It is easier to be
brown in Burque. One of the unexpected advantages to moving to Albuquerque (and to
Barelas in particular) was the realization that having olive skin, dark hair and eyes that hinted at something other than European ancestry didn't matter so much here.
After a lifetime of "
what are you?" questions, blending in with the Burque peoplescape was a relief.
An unexpected realization followed my relief as I quickly learned that, contrary to my experience of a lifetime in
another place, being brown could be an advantage.
The presumptions of
passing made this possible.
Someone who looks like me, who lives in Barelas, and who can follow the general gist of a conversation in Spanish and certainly in
Spanglish is presumed to be
Hispanic. Add to this mix a parcel of land in NM that has been in my family for a few generations, and it is easy to mistake that I have
a different ancestry than the one I claim.
As far as I've been able to determine from poring over family genealogy, I have no Spanish heritage, despite having two trilingual grandfathers who spoke Spanish and generations of relatives living in
Mexico and
Chile. Yet, these factoids are part of the reason I felt at home in Barelas - being in a bilingual Spanish-English environment and seeing plenty of people around who looked like family made it easy to adjust.
Whenever I realize that people have mistakenly assumed that I am Hispanic, I always try to set them straight.
I do this not to make any stupid claims about ethnic inferiority or superiority, but because I think it is important to be clear about who I am. Deception by omission carries a cost that I’m not willing to pay.

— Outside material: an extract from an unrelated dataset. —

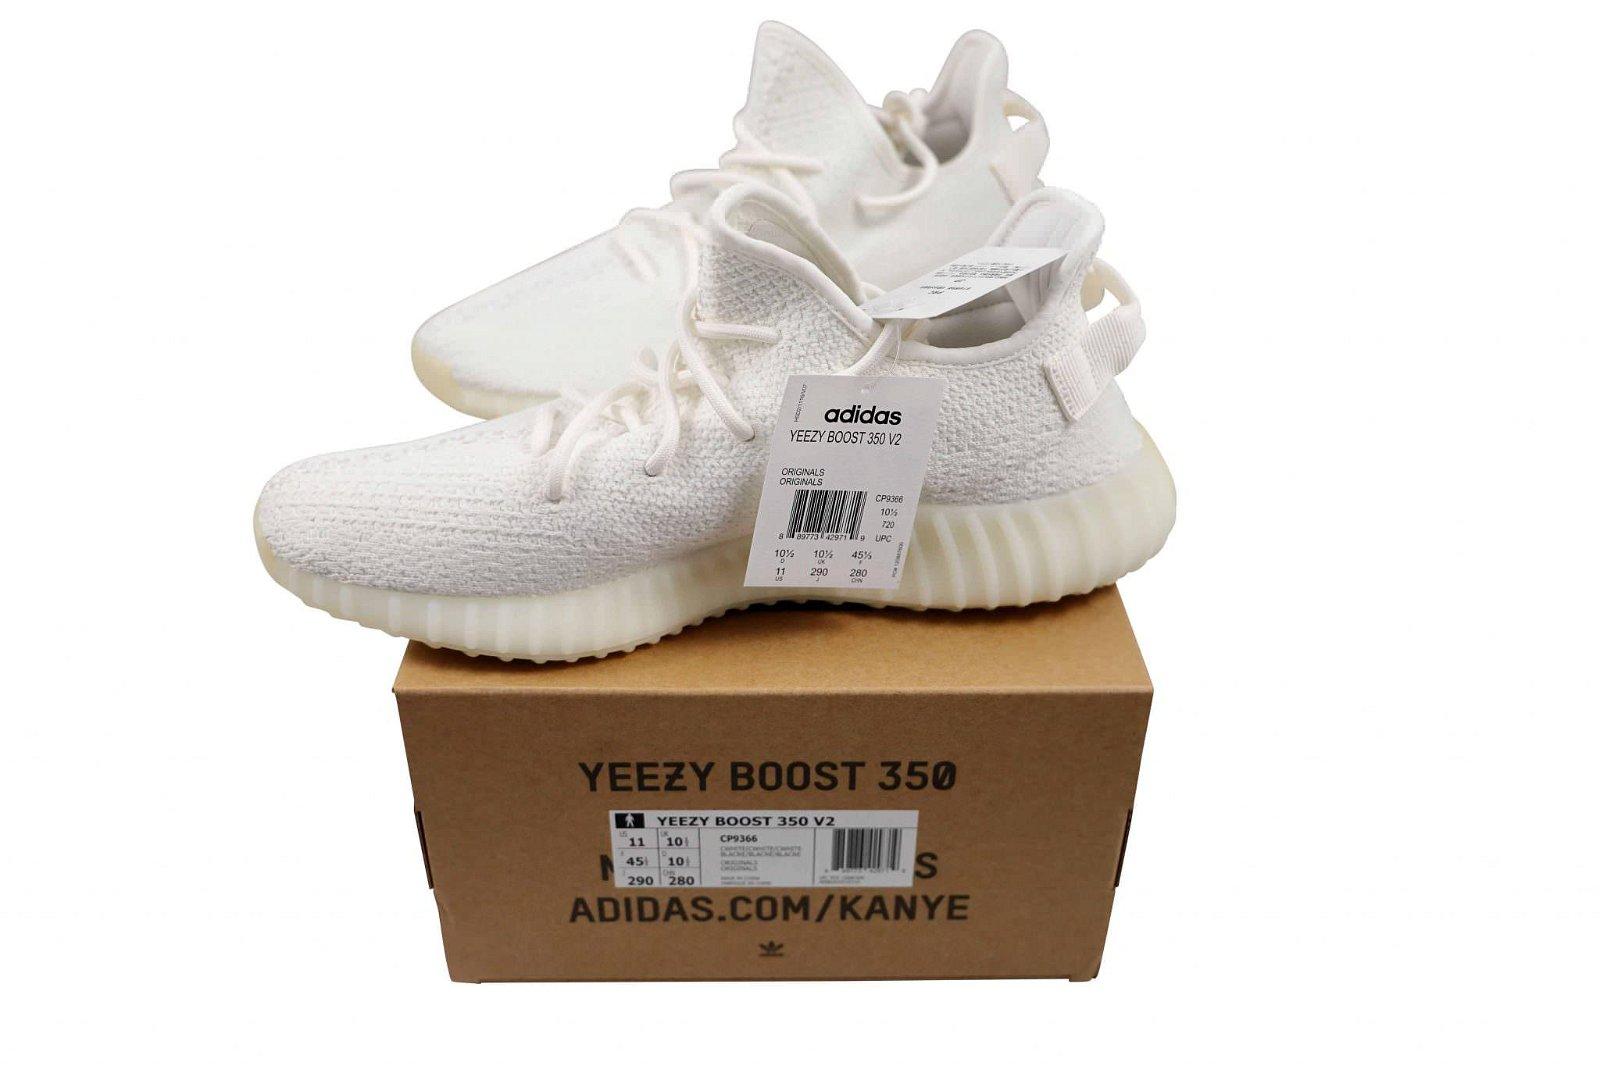 Adidas Yeezy Boost 350 V2 White Cream-Triple Size 11

Disclosure also carries a cost, especially when you are
Arab-American.
Sometimes it is tempting to go the easier route, to forego the cost of prejudice. It is easy to be an Arab-American in a mostly brown city where being brown has its perks. On most days the issue of my ethnic heritage doesn’t even come up.
Sure, there were moments after 9/11, such as my experience on 9/12/2001, when a man walking past me on Martin Luther King Avenue told me to “go home!” I realized later that his outcry may have been prompted by a piece of Middle Eastern jewelry that I was wearing. Ironically, this was a gift from my closest friend in graduate school, an Israeli
sabra. I stopped wearing that piece of jewelry years ago – life became easier when I took it off.
And there was the time a year or so ago, when my Arab-American-but-could-pass-for-Hispanic mother recounted a conversation that took place after her yoga class here in Albuquerque. Right after
shavasana and closing meditation, a man taking the class declared that all Arabs and Arab-Americans should be bombed, both here and abroad. I don’t know that I will ever forget the pain on my mother’s face as she told this story to me. I just remember seeing the juxtaposition of my mother’s face and behind her on the wall, a photograph of her Arab-American father in his U.S. Army uniform.
And I’m not going to even start on the number of times I have been pulled aside for additional screening at the airport, though I'm sure I exceed the average… I think this is partly because of my deaf/hard of hearing mannerism of always scanning the airport to be sure I am not missing anything (such as a gate change announcement). Unfortunately, this behavior pattern gets translated as suspicious – coupled with a brown and possibly Middle Eastern appearance, it is likely to result in a slightly longer passage through security or some extra TSA company hanging out close by.
But I am okay with that.
What I’m not okay with is this.
That last week, in 2008, a candidate running for
President of the United States of America, when faced with a
comment from an audience member accusing another candidate running for President of being an Arab (or of having Arab heritage?), did not directly dispel her implication that to be Arab or Arab-American
is a bad thing.
Sure, the candidate made a
blanket statement about the decency of the other candidate, stressing that the election was about philosophical differences.
But from where I watch, the
conflation of the terms Arab, Muslim, and terrorist makes me awfully uneasy.
And I think about doing something as a mother that I vowed I’d never do – after a childhood of anti-Arab prejudice and being cautioned not to disclose our family heritage.
For a brief moment, I consider telling my children that this is not a time to talk about their Arab-American ancestry. After all, we’re in Albuquerque and they could pass for something else.
Perhaps this is not the time to
take pride in the contributions our direct ancestors have made to this country, fighting as non-hyphenated Americans in wars from the Spanish-American war to the present day and serving the country in other ways as lawyers and teachers and librarians and writers.
Perhaps it is just not the time to speak against the 'three B stereotype' (billionaires, bombers, and bellydancers) attributed to Arabs and Arab-Americans.
I consider it.
Think about it for a few days.
(Lose some sleep.)
Reject it.
And decide to write this blog instead.